SAFE Pitching

Chapter 9: How to be safe when pitching
The most dangerous part of pitching is a come backer. This is a line drive hit directly at the pitcher, waist high to head high. This is a very dangerous situation and can cause injury.
There are three ways to protect the pitcher from this:
1) ball placement within the strike zone
2) fielding drills for the pitcher
3) safety equipment
Ball placement: A ball hit up the middle without touching the ground until it has left the infield is the result of a perfect contract by the batter. They have hit the ball directly “ON THE NOSE”. To do this the ball had to be in a hitting zone perfect for the hitter’s location. If the batter was crowding the plate, that area may have been an outside corner. Batters find it easier to hit the ball on the nose if the ball’s path is straight. Fast balls with no movement, are what they want to see. If the pitcher throws more breaking stuff some batters, early in a count, may try to predict a pitch adjusting their stance and position accordingly. So the best defense against a come backer is the correct pitch selection and location. In youth sports I feel that pitch selection is the responsibility of the coach, pitcher and catcher in that order. A good youth coach, who has been around for a while, should have a “book” on the batters from the other team. As a teenager’s career unfolds it is possible to see the same batter over 100 times before college. If a record has been kept of the results of past meetings that include the pitch, if hit, and where it went, you can often duplicate good results by doing the same thing again. You can even warn the fielders in the area you may expect the ball to go just prior to the pitch. No catcher in youth sports can carry this info over the seasons in their head. For safety sake, if no other reason, pitch selection should be made by the coach. The pitcher should have the right to shake off any pitch almost all the time.

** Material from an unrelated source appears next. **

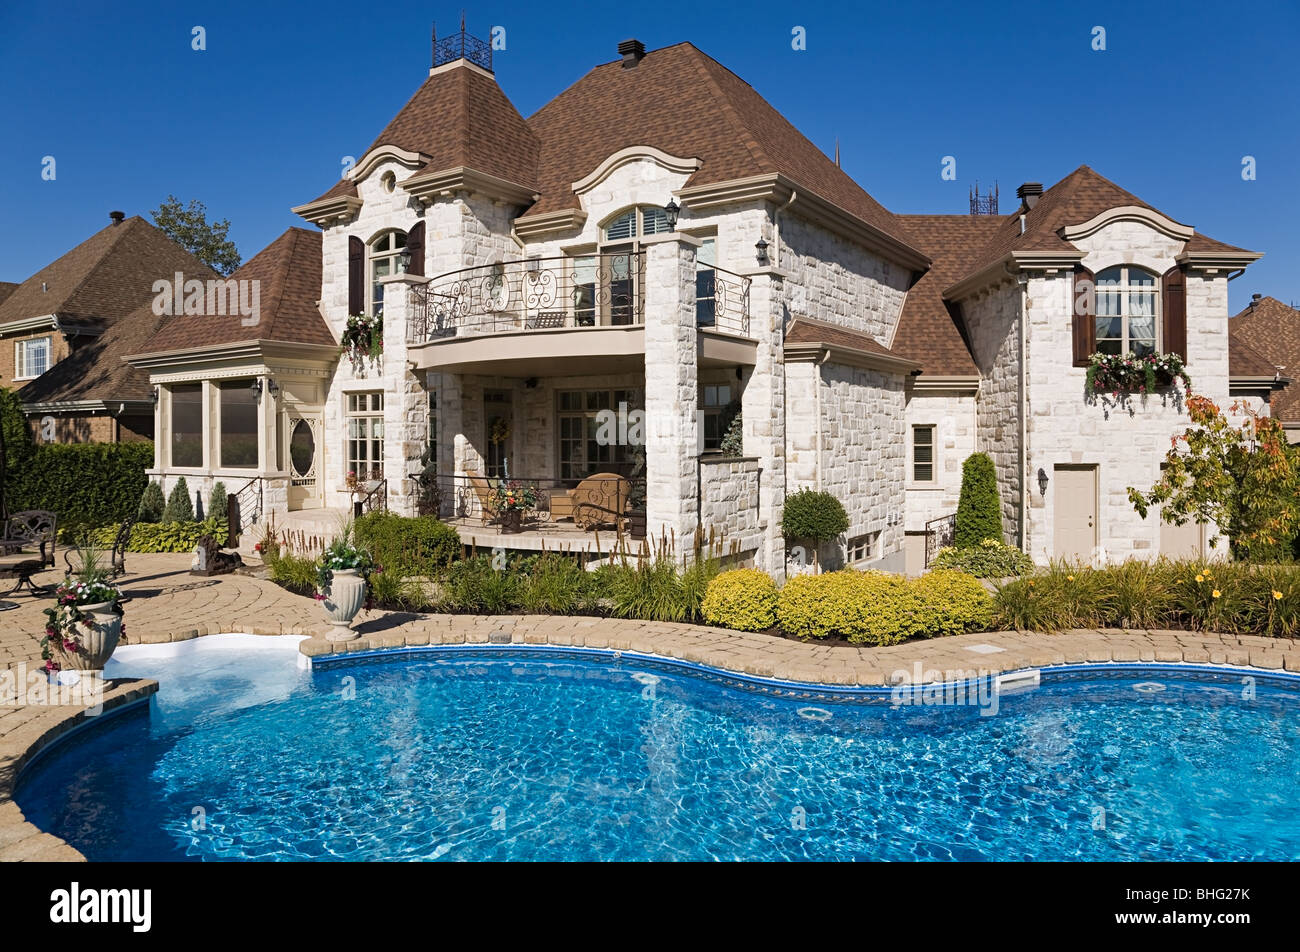 Large house with swimming pool Stock Photo

Pitchouts and intentional walks are selections that should not be shaken. There will be times when a pitcher can’t get something to work correctly, or may have picked up an offensive signal or just doesn’t feel right about the selection. The coach should respect the pitcher’s shake off and discuss it later in the dug out. The catcher may have heard something also, perhaps a bunt sign has been picked up with a runner on. This is not the time to throw anything way off speed. If so, they should meet with the pitcher to exchange info. Selection is one thing but execution is the other. The pitcher must make the pitch work and place it where it is best. Practice makes this possible, lots of practice.
Fielding drills: Once in a while have someone stand directly behind the catcher with a ball. At the exact instant the catcher receives the ball the person behind the catcher should fake throwing their ball at the pitcher. This is done with every pitch. Sometimes the throw is made, fast and hard (for the pitchers level of development) and at the pitcher’s head. Do this about 10 times per practice, 2 or 3 practices a week. This builds an understanding for the pitcher that they can protect themselves and shows them the limits to the area they can effectively field. We have always said that unless a ball comes directly at the pitcher they should not attempt to field it. I also feel someone else should take high pop ups. If you can’t get someone to stand behind the catcher than try this; have the catcher put another ball in the back of their knee. Once in a while, the catcher should underhand toss it at the pitcher while their pitch is in flight to the catcher. Not as good a drill but much better than nothing
SAFETY EQUIPMENT: Pitchers helmets with clear face masks are sometimes used and are required by a fewl organizations. Be sure the helmet fits correctly, is well ventilated and completely dried between games. This visor MUST BE CLEAN and not scratched. If the visor does get scratched polish it out with toothpaste. In hot climates you might consider alternating helmets every other inning. You could poly bag one helmet and put it in ice, while the pitcher uses the other. Make a helmet change in between innings and repeat the process every inning. If the pitcher is tall, a stride leg pad could be a nice piece of armor If all of these recommendations are followed a quality pitcher getting a lot of mound time will have less that a dozen dangerous come backers in their career and will have the confidence to handle all of them.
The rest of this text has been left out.